▶ _Input data_:
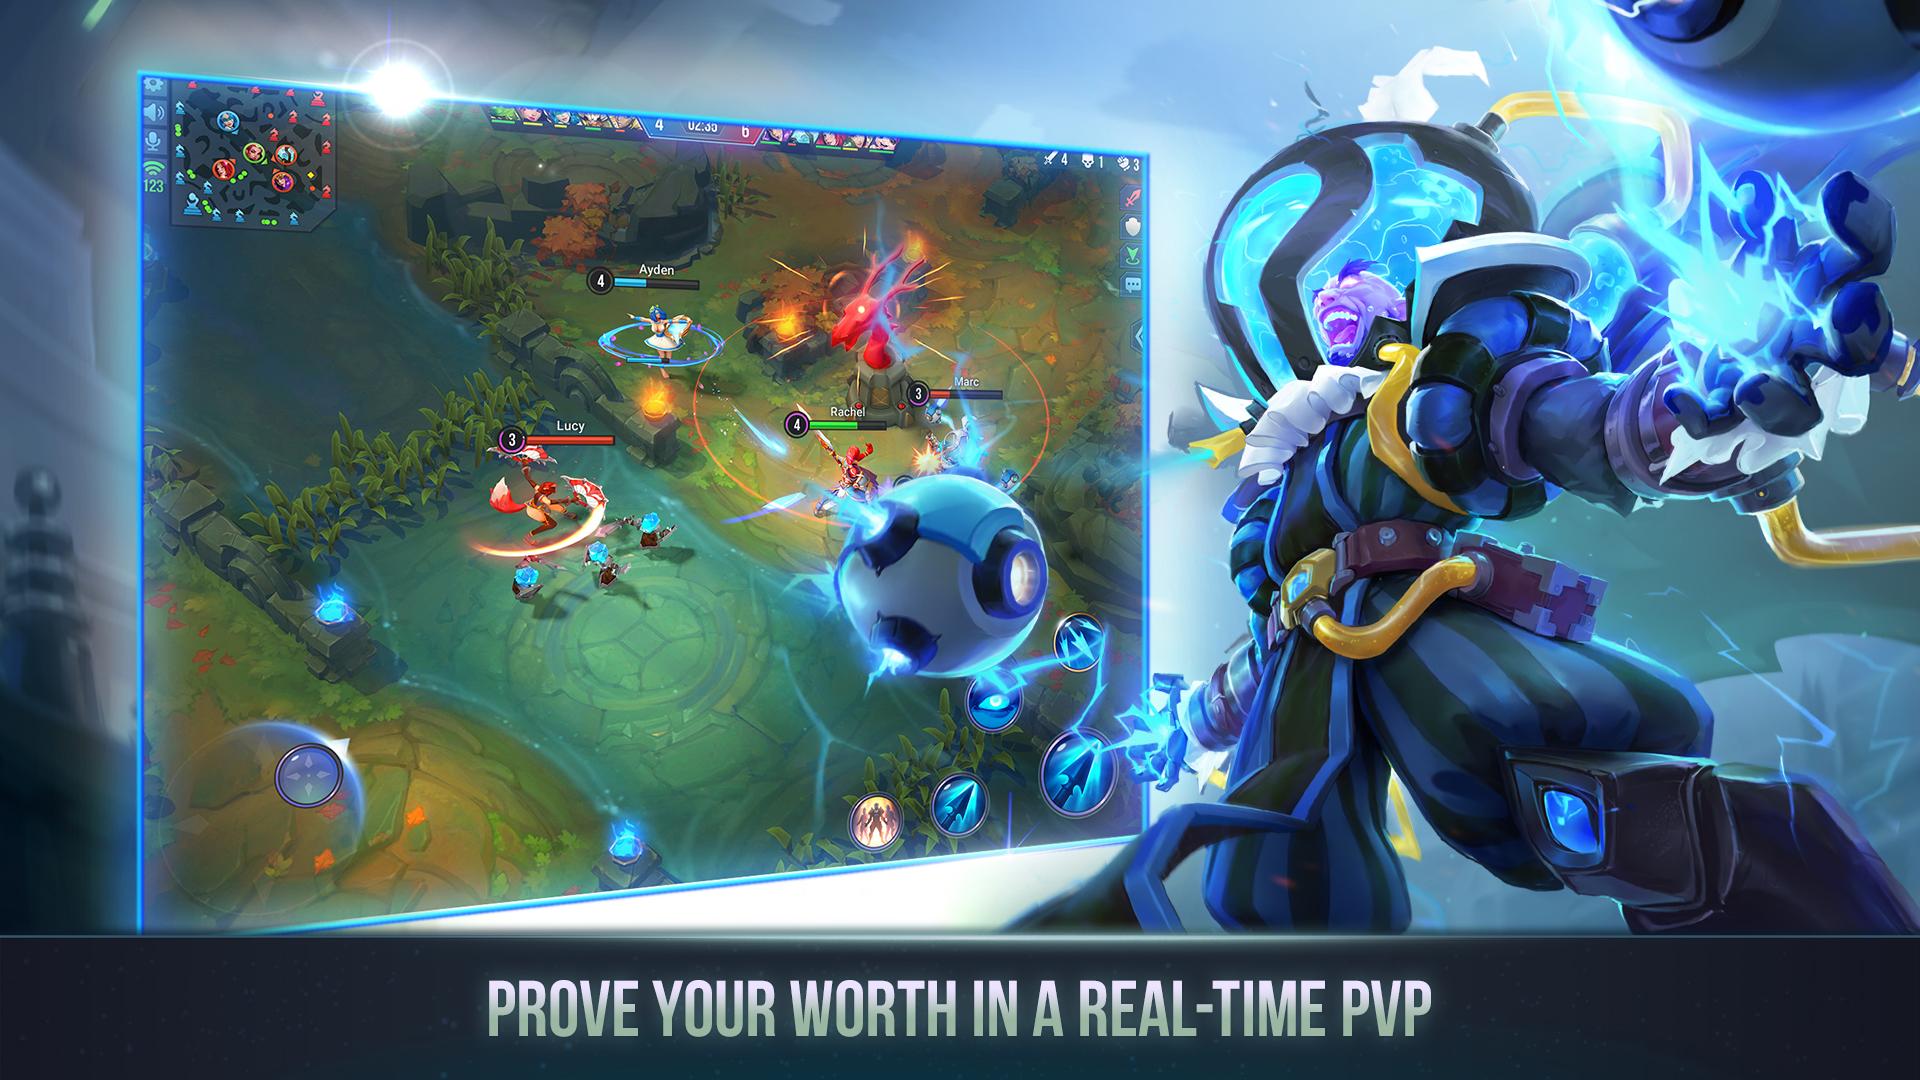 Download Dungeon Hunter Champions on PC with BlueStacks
--
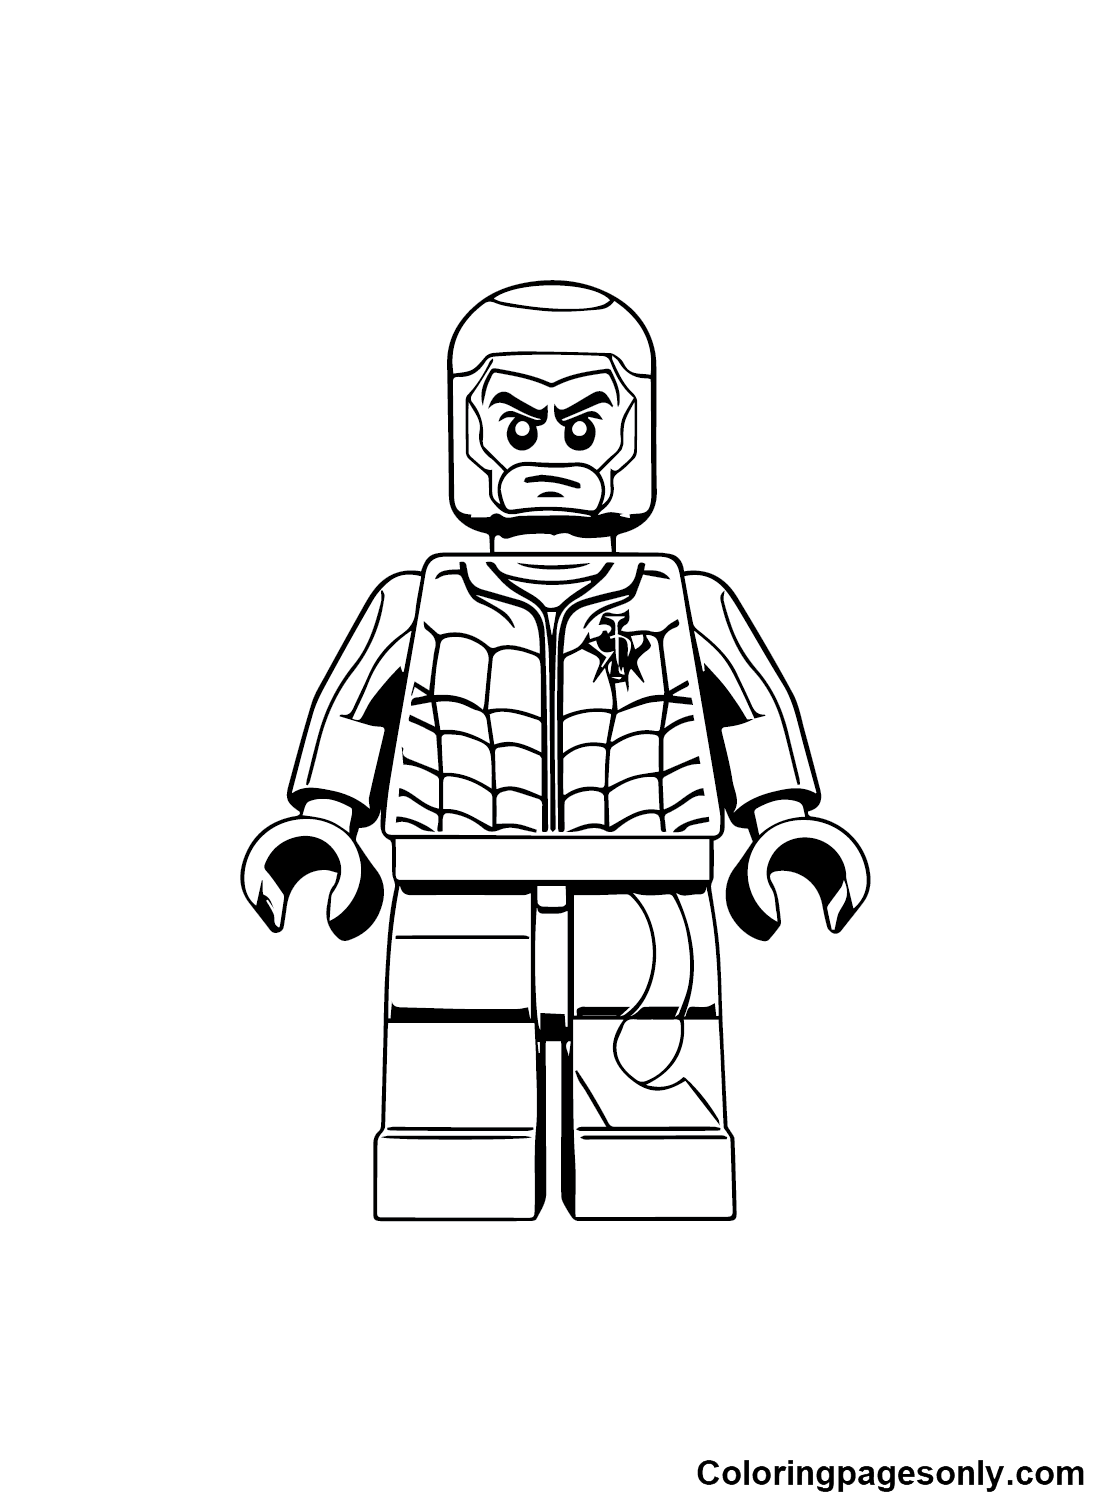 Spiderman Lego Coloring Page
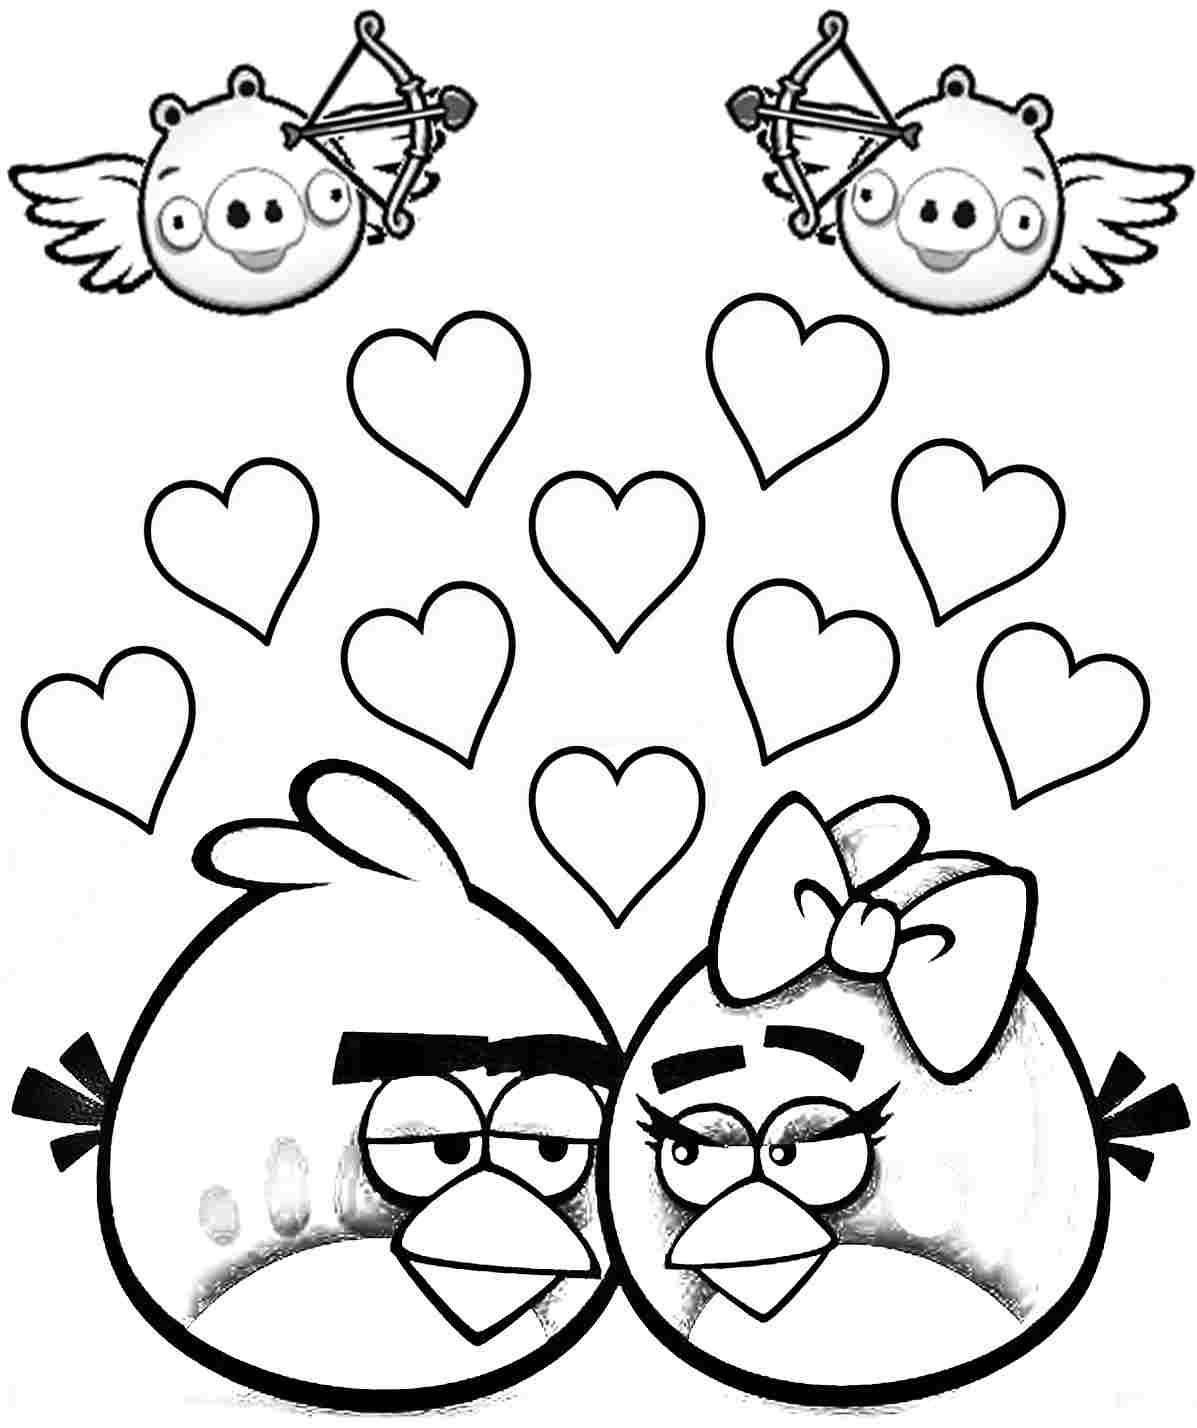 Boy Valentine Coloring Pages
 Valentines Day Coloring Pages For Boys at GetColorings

▶ _What you should do_: What is needed is an exact copy of the lines above, from the one holding "Boy Valentine Coloring Pages" down to the one holding "Valentines Day Coloring", with those two included and the pictures left out.

▶ _Output of the task_:
 Boy Valentine Coloring Pages
 Valentines Day Coloring Pages For Boys at GetColorings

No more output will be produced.